## [Aim of the exercise]
The pictures get left out, but everything else in the listing below must be duplicated exactly.

## [Dataset extract]

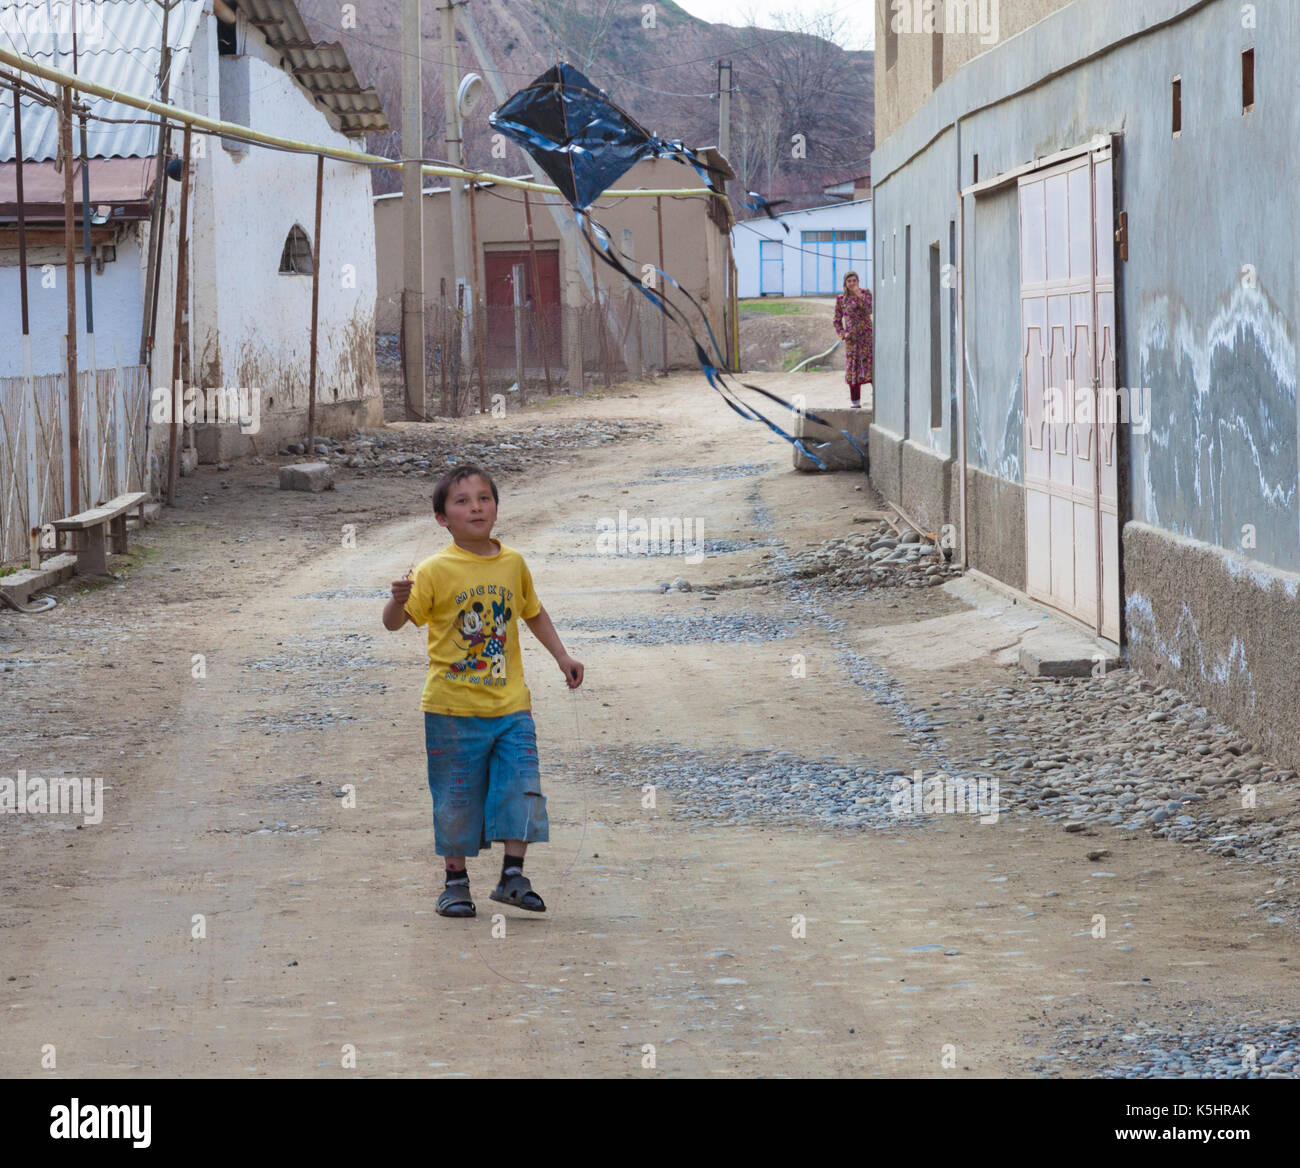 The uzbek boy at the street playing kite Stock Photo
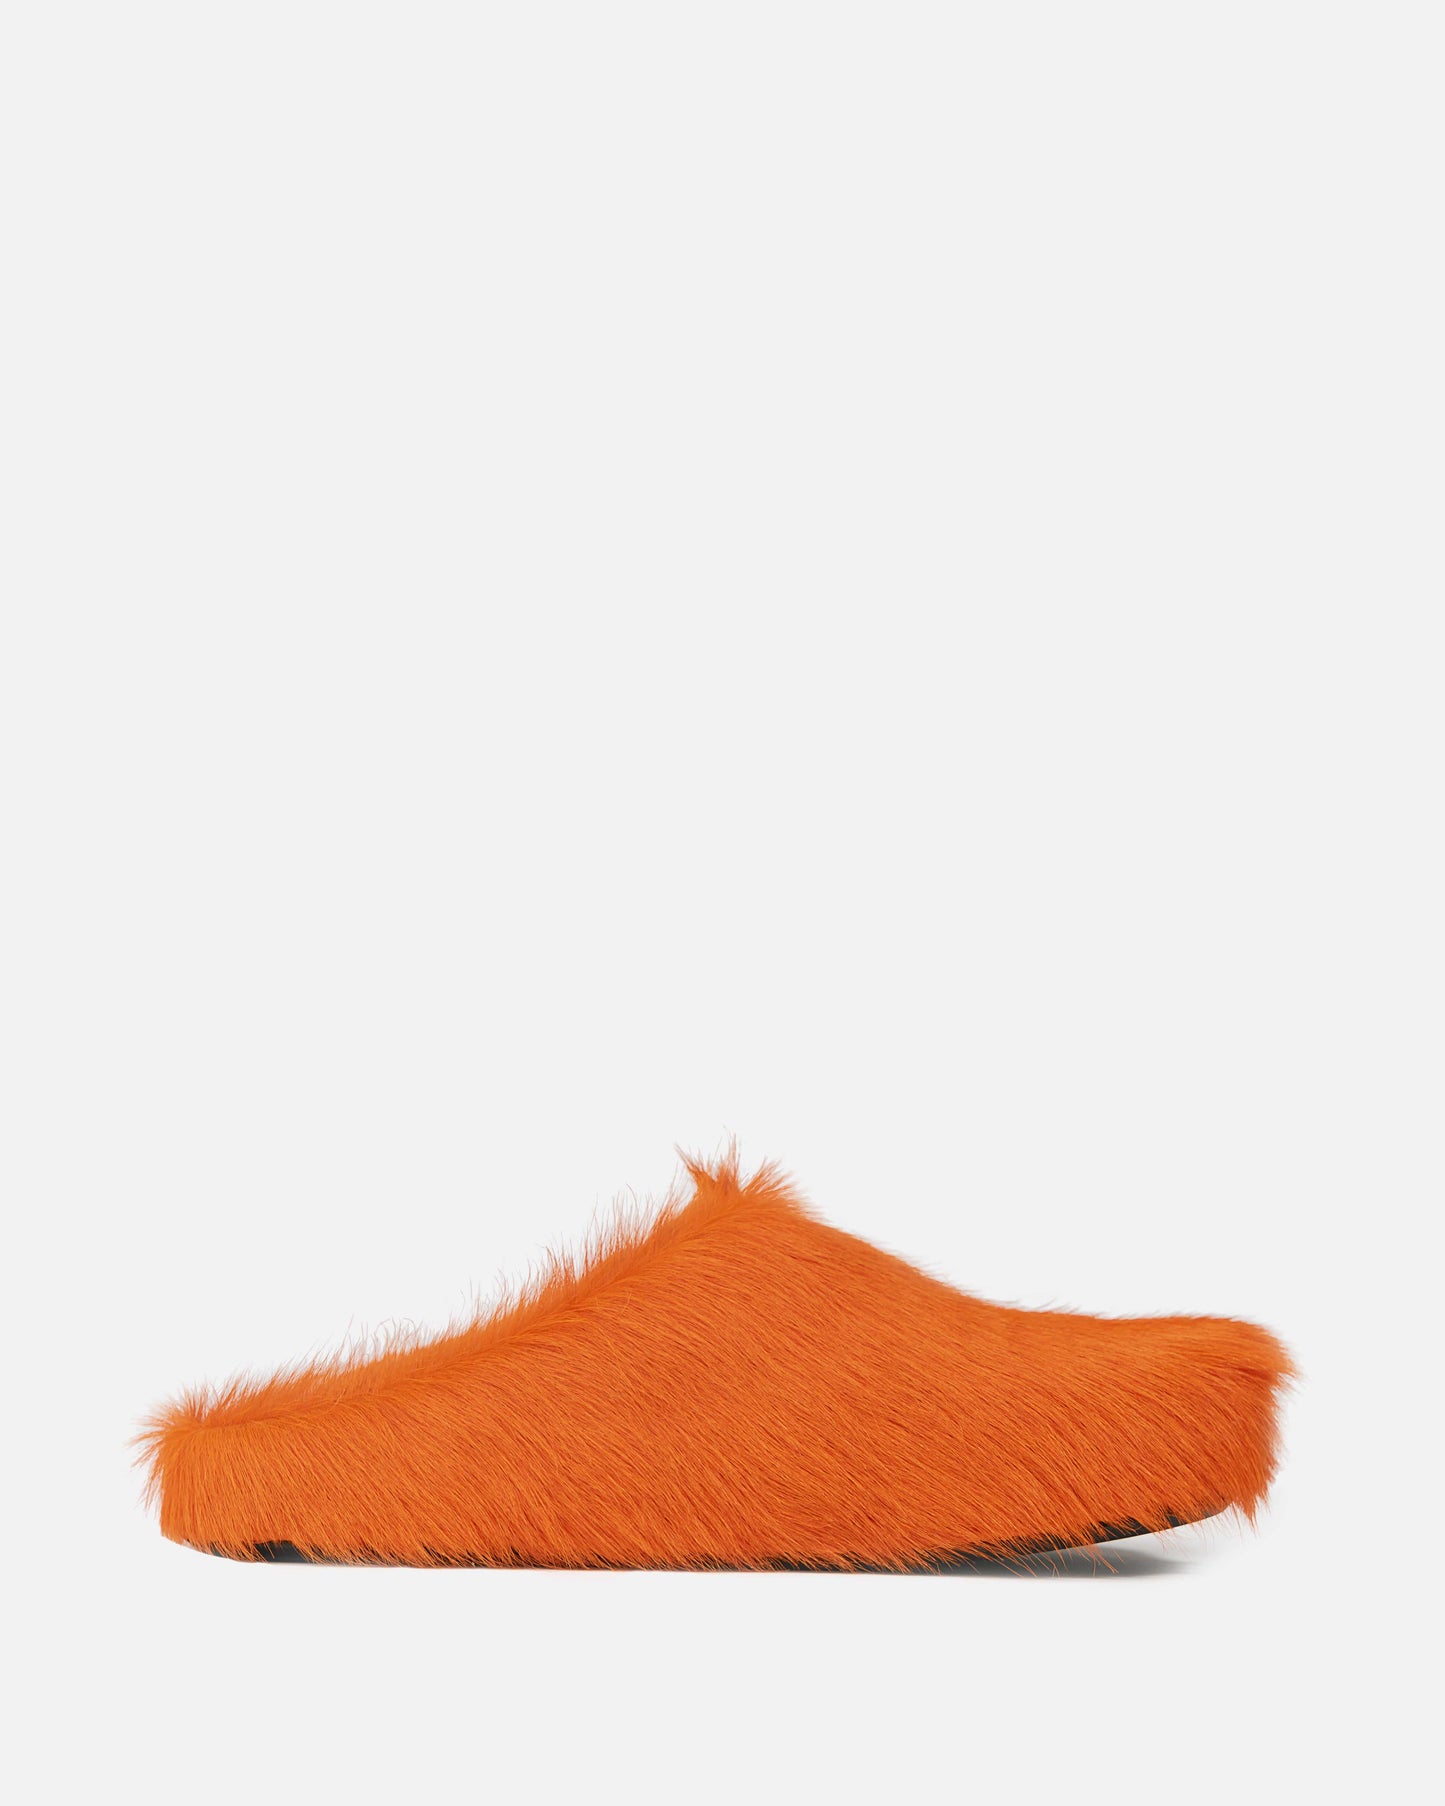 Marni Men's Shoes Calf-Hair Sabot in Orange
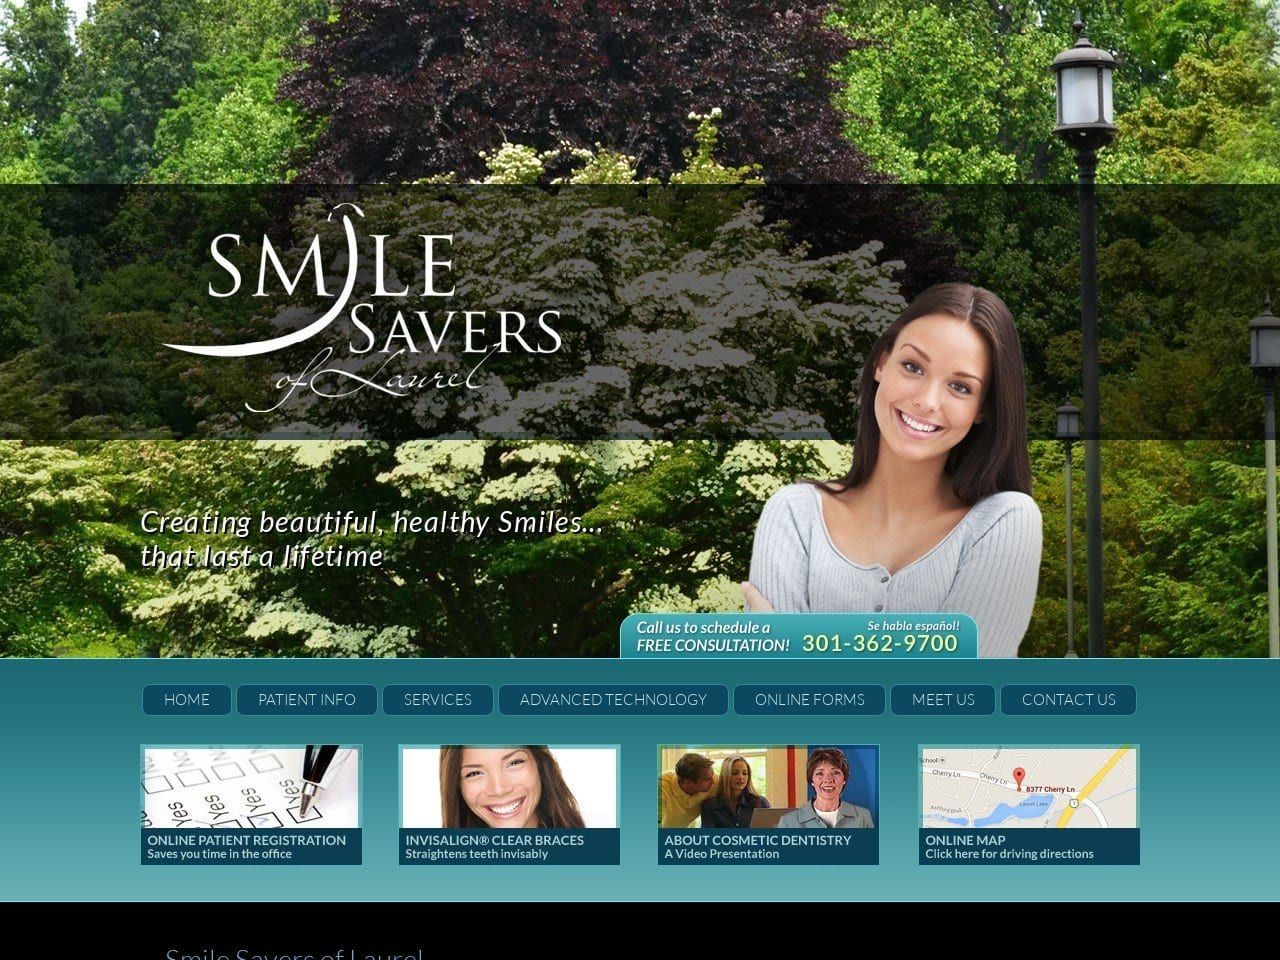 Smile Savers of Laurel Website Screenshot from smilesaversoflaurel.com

## [Exercise answer]
 The uzbek boy at the street playing kite Stock Photo
 Marni Men's Shoes Calf-Hair Sabot in Orange
 Smile Savers of Laurel Website Screenshot from smilesaversoflaurel.com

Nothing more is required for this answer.